Au petit déj. du 29 nov., Danielle nous présente du pain doré : la traversée augure bien. Nous remontons les voiles au début de l’avant-midi, mais le vent ne tient pas et nous nous résignons à démarrer le moteur. Lecture et sieste s’ajoutent au spectacle des dauphins sur le coup du midi. Le moteur fera son ronron jusqu`à 3h AM. Espérons que nous ne ferons pas trop de moteur !
Au cours de la nuit du 30 nov., nous avons ouvert l’œil aux heures plutôt que de rester éveillées. À 3h AM, nous montons des voiles puisque le vent se lève. Tout l’équipage est sur le pont pour effectuer la manœuvre. À 11h., nous naviguons à 6 nœuds, c’est agréable. Nous nous adaptons à la haute mer et malgré une bonne faim, nous dégustons très tranquillement les repas que Ginette préparent.
Comme nous sommes relativement près des côtes, les oiseaux volent autour de nous. Nous remarquons leur agilité à voler face au vent et en prenant le creux de la vague pour s’abriter et poursuivre leur route. Michel écoute et communique avec le Réseau du Capitaine dès midi. C’est comme lors de notre traversée de 2001, les radios amateurs nous accompagnent avec leur météo et le bonjour quotidien.
Nous sentons que nous nous amarinons. À preuve, nous nous remémorons l’alphabet maritime ( Alpha, Bravo, Charlie…) Il nous en manque, mais avec la grande mémoire de Michel, nous faisons le compte. La nuit tombée Danielle nous alerte. Des bateaux à l’horizon, circulent. L’instrument «Le Mer Veille» a bippé. Sommes-nous en gisement de collision ? Non, en identifiant les feux, nous constatons qu’ils passent loin. Pour Danielle, c’est autre chose. Elle surveillera leur progression jusqu’à ce qu’ils disparaissent.
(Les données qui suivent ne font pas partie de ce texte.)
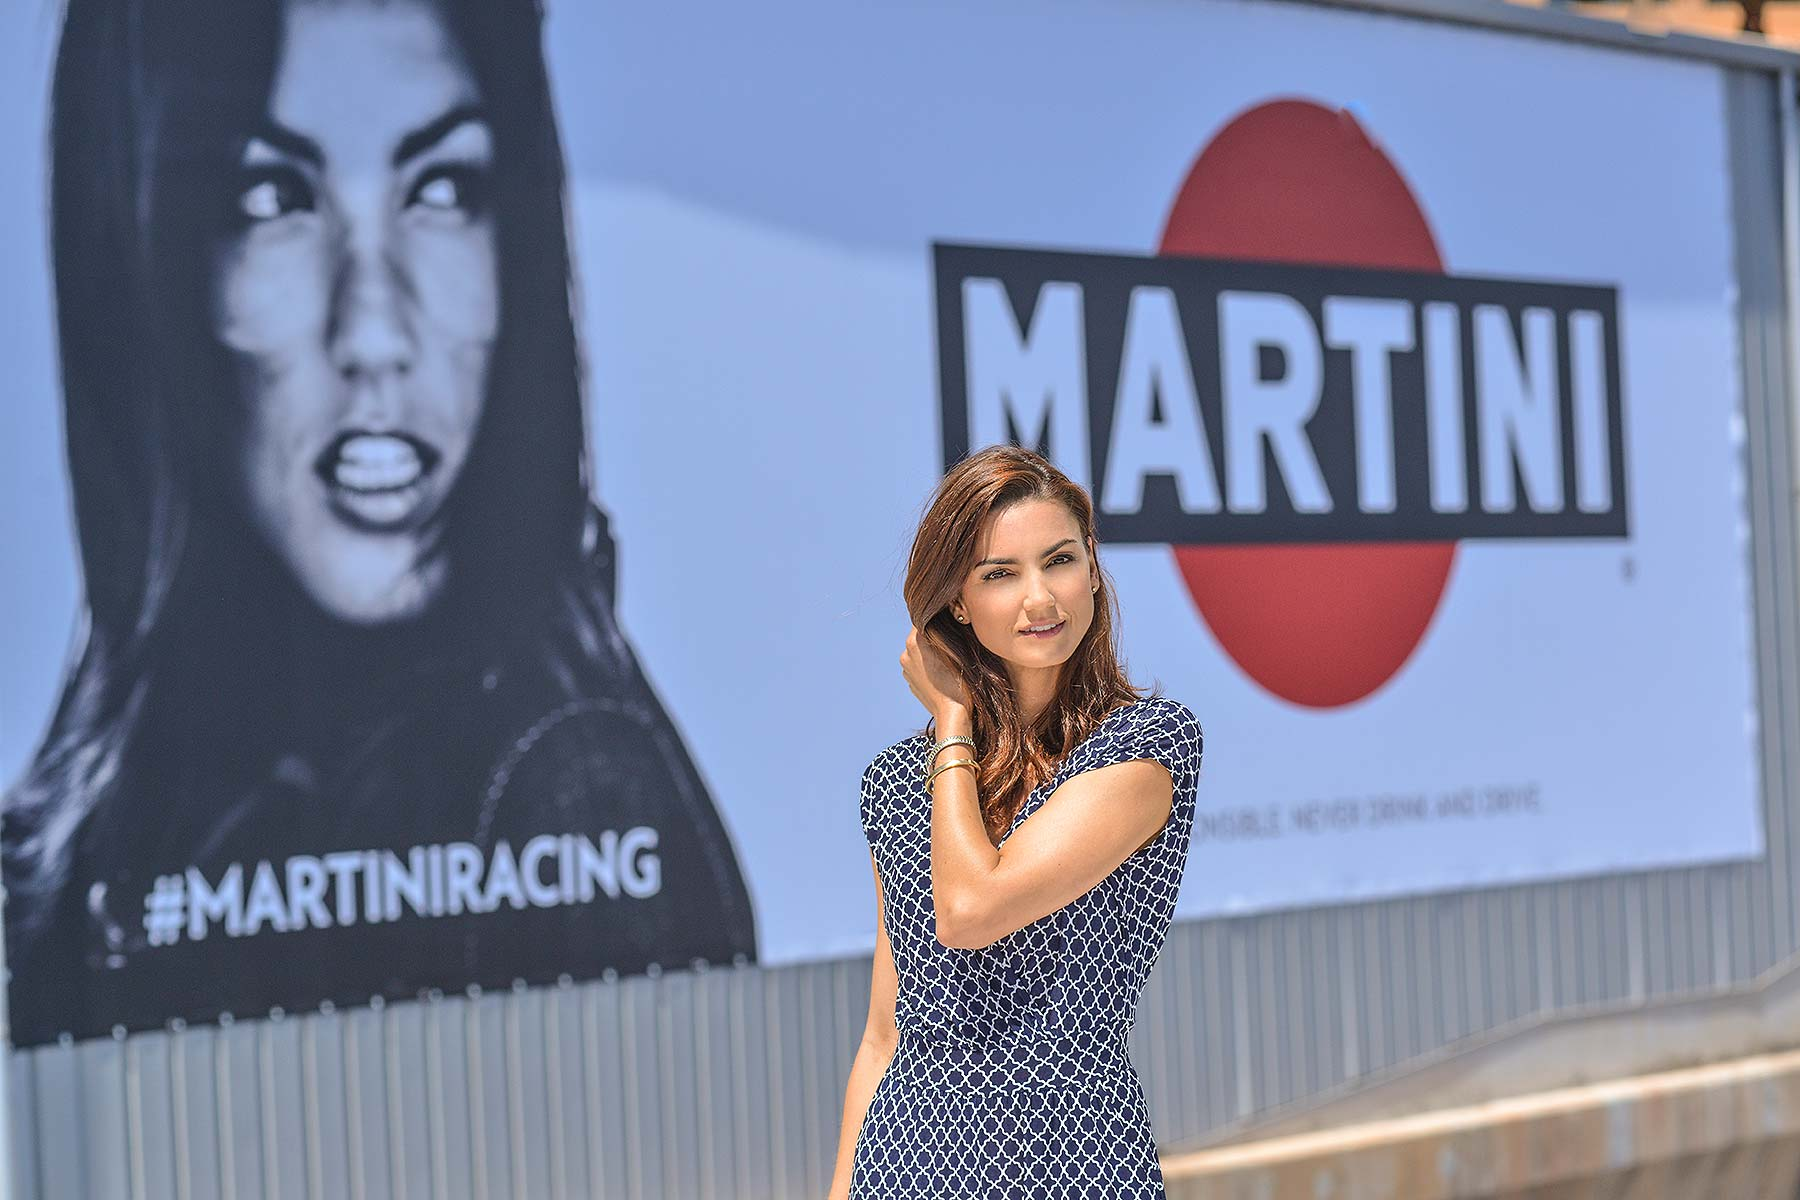 F1 Monaco 2017 Martini poster

Nous sommes sous voile avant, en ciseaux, toute la nuit à environ 10-12 nœuds de vent. On se la coule douce. Et voilà qu’à 4 h AM, le vent tourne un peu et tout l’équipage se retrouve sur le pont pour enlever les tangons.
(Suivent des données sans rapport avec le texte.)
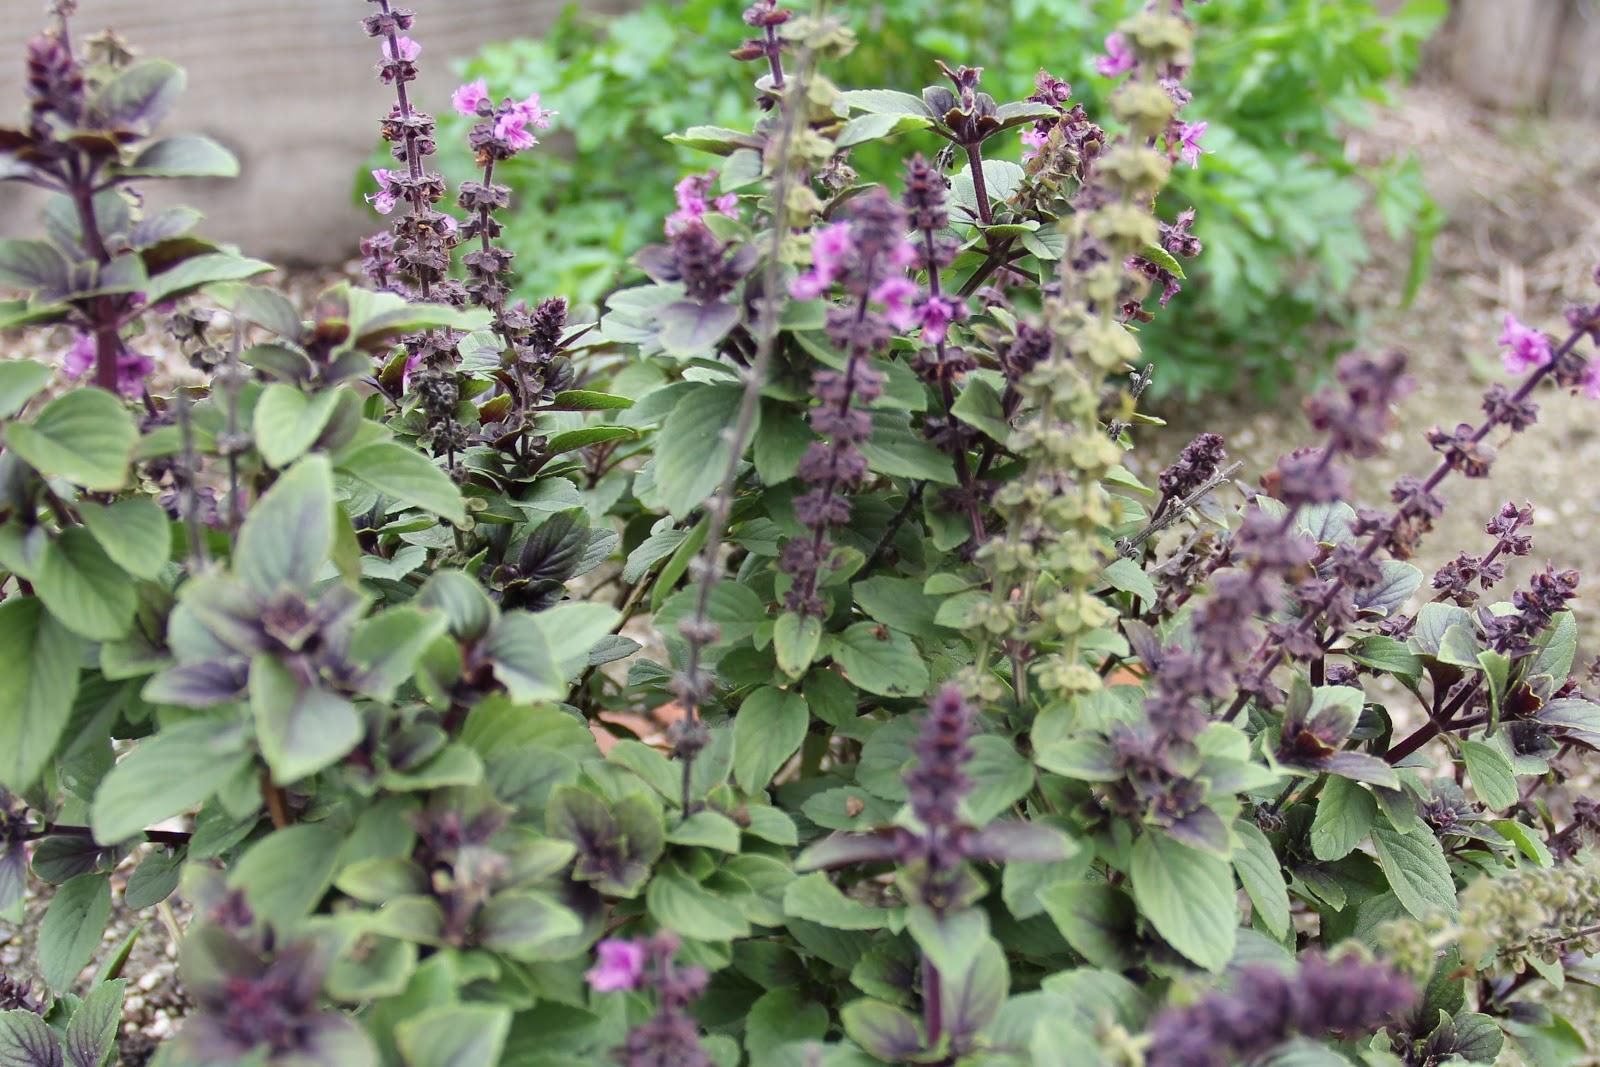 النباتات الطاردة للبعوض

Le 1er déc., nous nous levons vers 8h et moi un peu plus tard ce matin. Danielle et Michel ont déjà pris un début de petit déj., mais je leur cuisine un œuf surprise pour compléter. Nous avons une belle journée de voile à 10-15 n. du NE. Le régulateur d’allure reprend le contrôle du cap. Michel fait de l’amélioration locative aujourd’hui : il ajoute des planchettes dans chacune des armoires pour éviter qu’à chaque fois qu’on ouvre tout nous tombe dessus avec le roulis. C’est époustouflant, on arrive encore à trouver s’occuper après tant d’heures de mer sur Air d’été. En fin de journée, les filles veillent dehors jusqu’à 21h.et le capitaine roupille.
Le 2 déc., la houle et le vent, nous brassent et nous tenons difficilement dans nos couchettes. Michel, nous conte son rêve fou et on en rit. Nous vivons nuit et jour maintenant. Nous sommes fatigués de cette nuit. À 13h, nous entendons un zling, la ligne à pêche file. Michel remonte une dorade turquoise, bleue, jaune et grise. C’est magnifique. Nous sommes heureux de la griller dans la pôele. Yum !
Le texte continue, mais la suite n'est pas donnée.